--- START ---
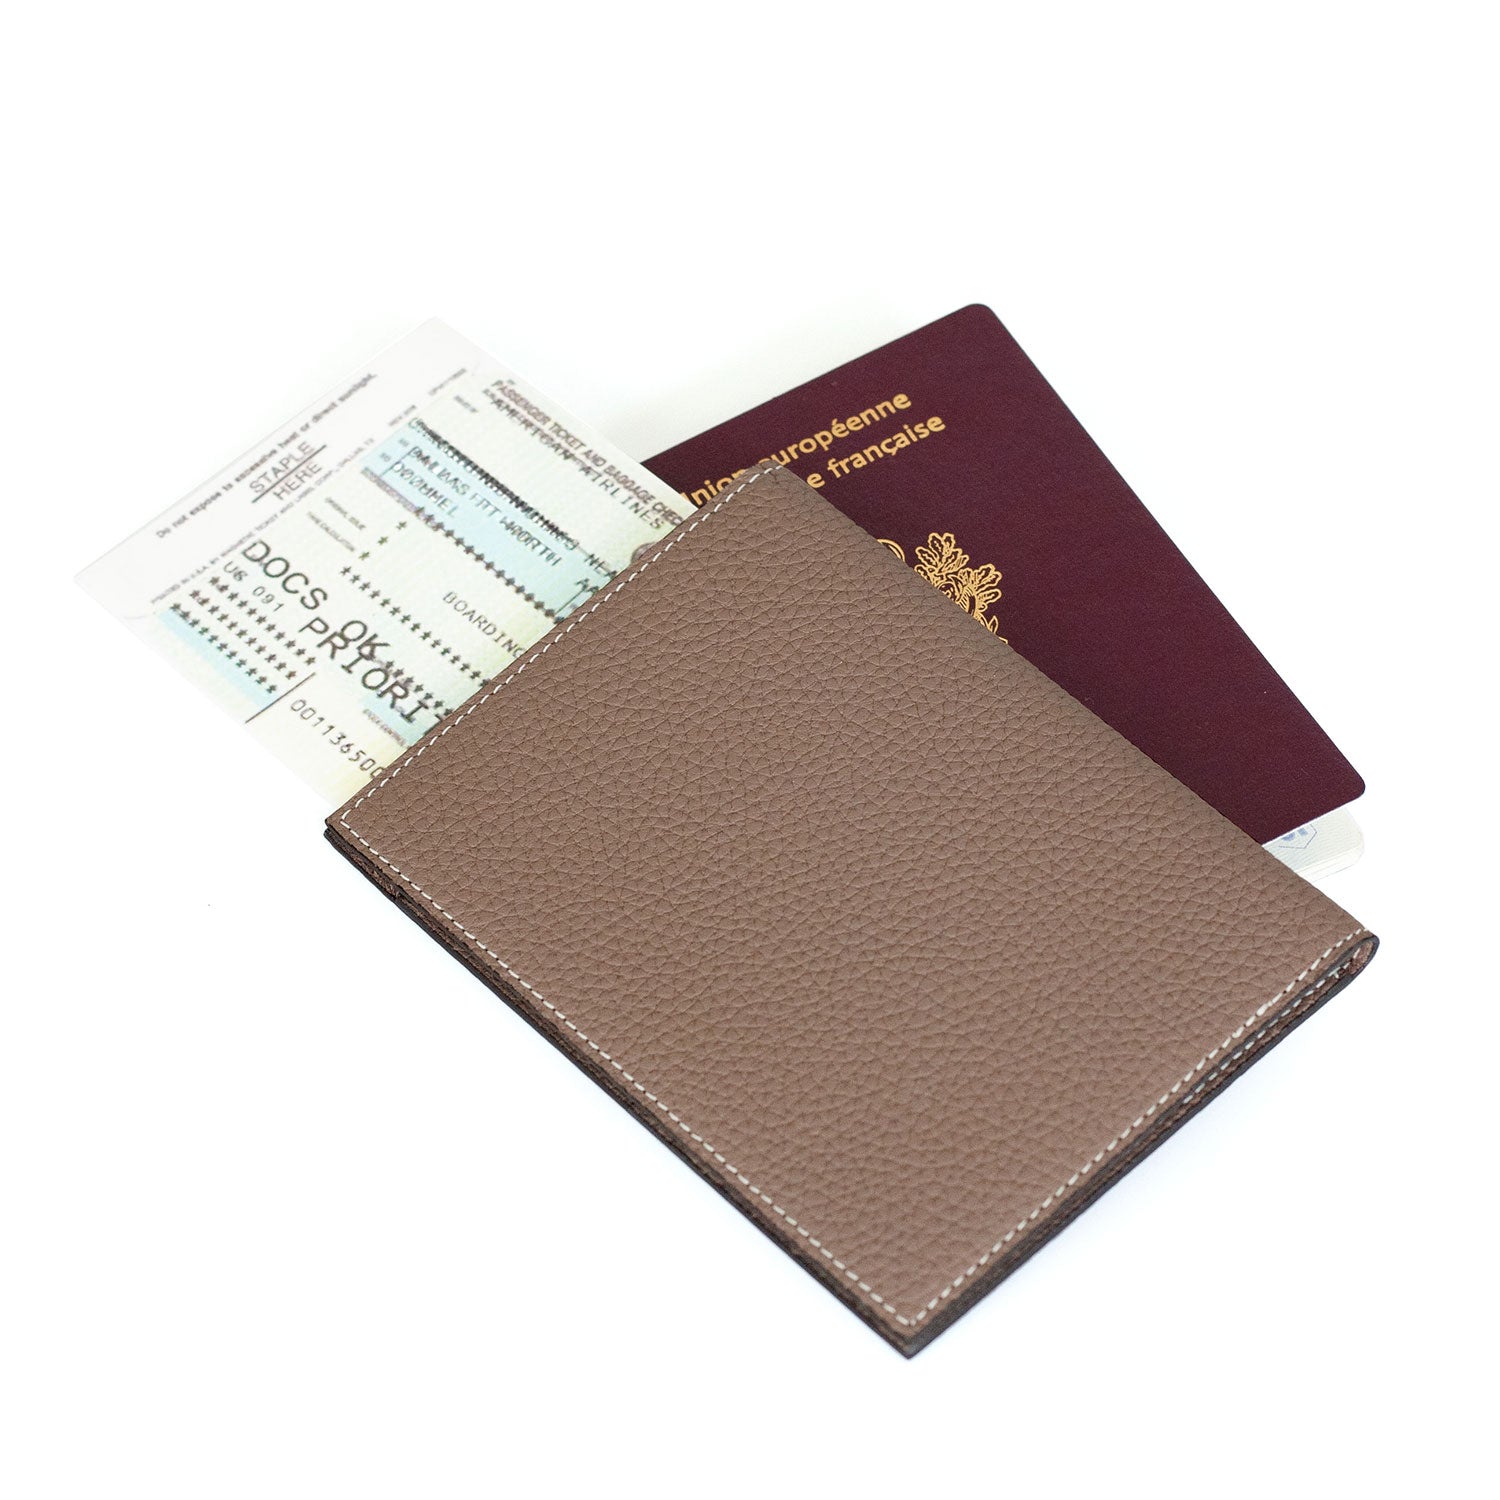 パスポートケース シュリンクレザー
--- END ---
--- START ---
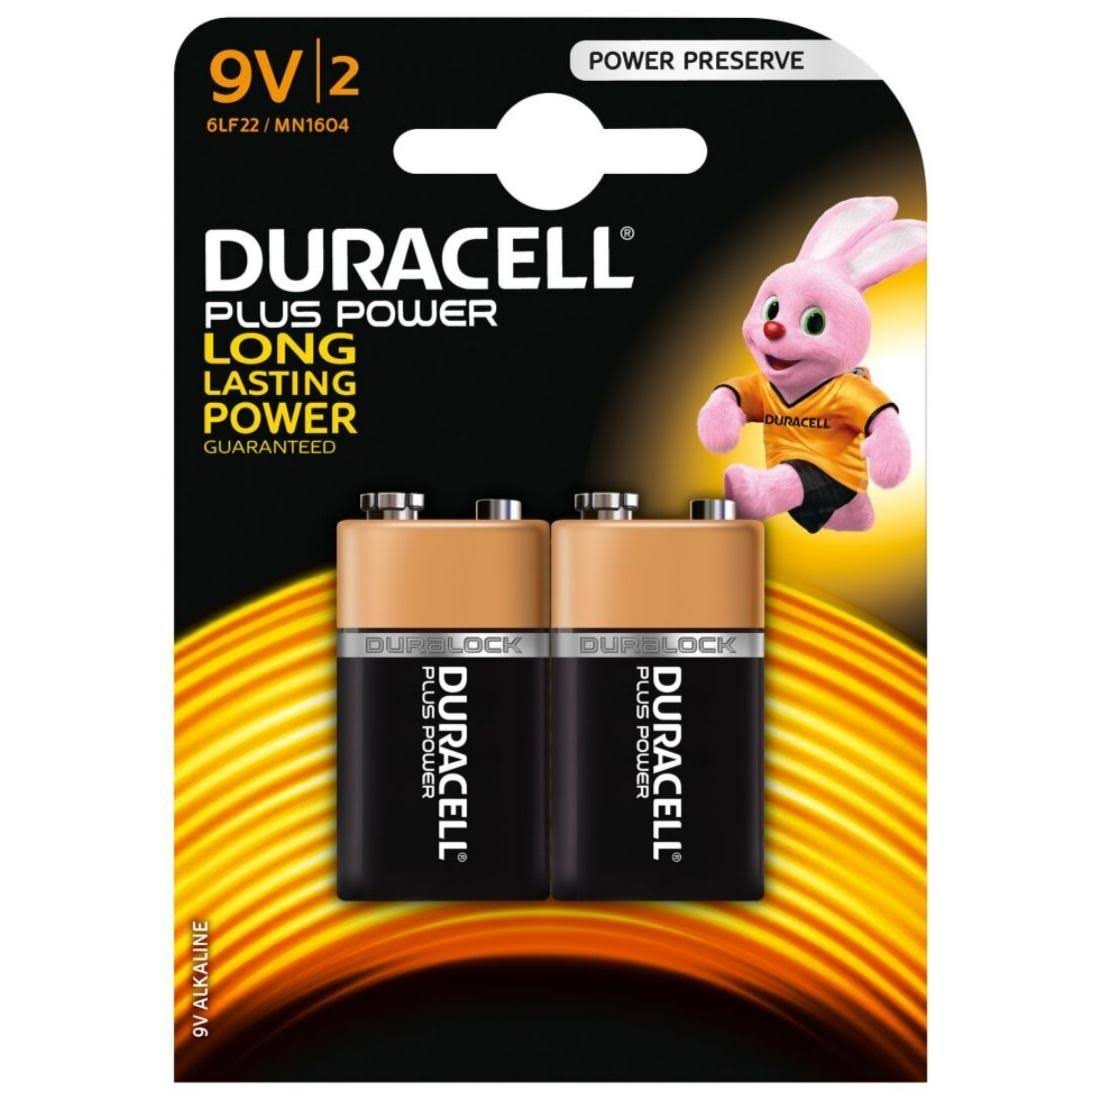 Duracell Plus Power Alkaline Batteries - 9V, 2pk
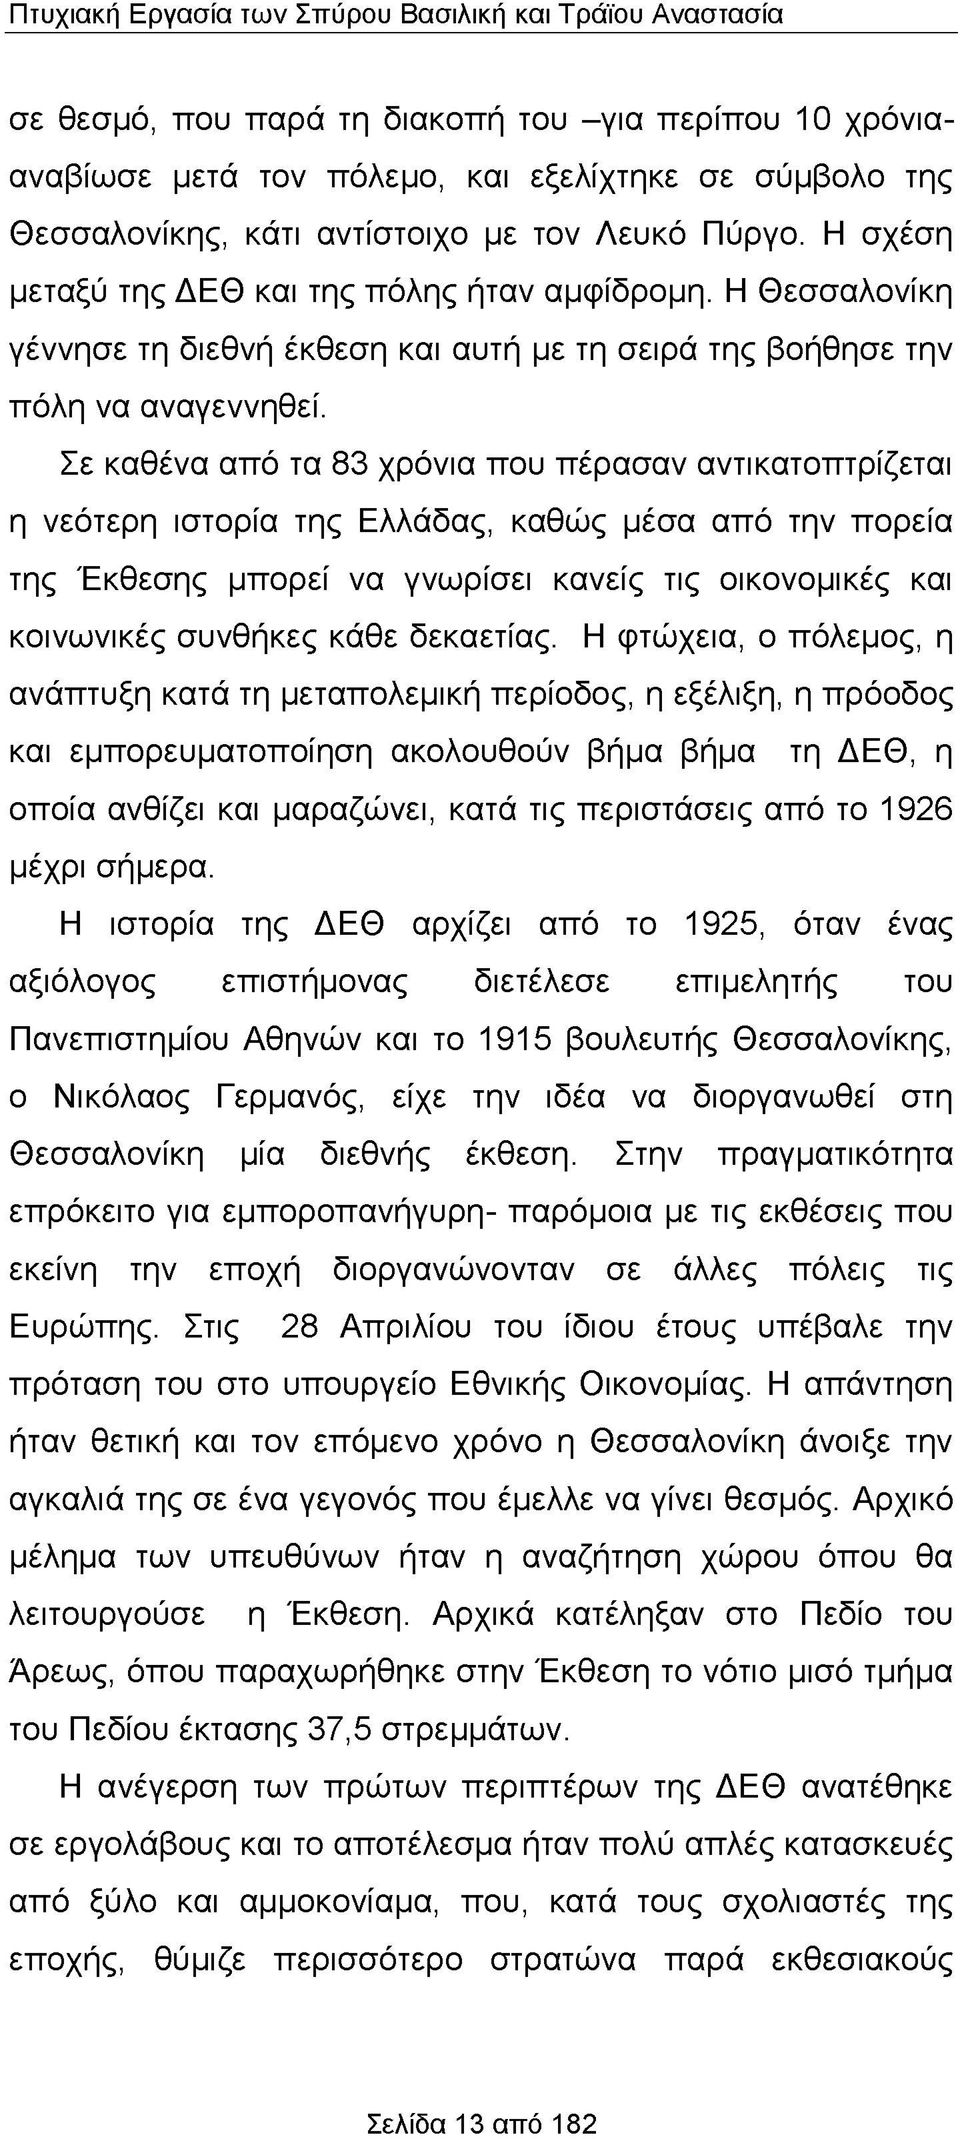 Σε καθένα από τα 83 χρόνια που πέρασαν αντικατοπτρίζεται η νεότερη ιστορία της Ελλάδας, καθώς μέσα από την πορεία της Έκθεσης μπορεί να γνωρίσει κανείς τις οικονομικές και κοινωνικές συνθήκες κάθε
--- END ---
Return the material from the line containing "Duracell Plus Power" through the line containing "Σε καθένα από", exactly and in full, but without its pictures.

 Duracell Plus Power Alkaline Batteries - 9V, 2pk
 Σε καθένα από τα 83 χρόνια που πέρασαν αντικατοπτρίζεται η νεότερη ιστορία της Ελλάδας, καθώς μέσα από την πορεία της Έκθεσης μπορεί να γνωρίσει κανείς τις οικονομικές και κοινωνικές συνθήκες κάθε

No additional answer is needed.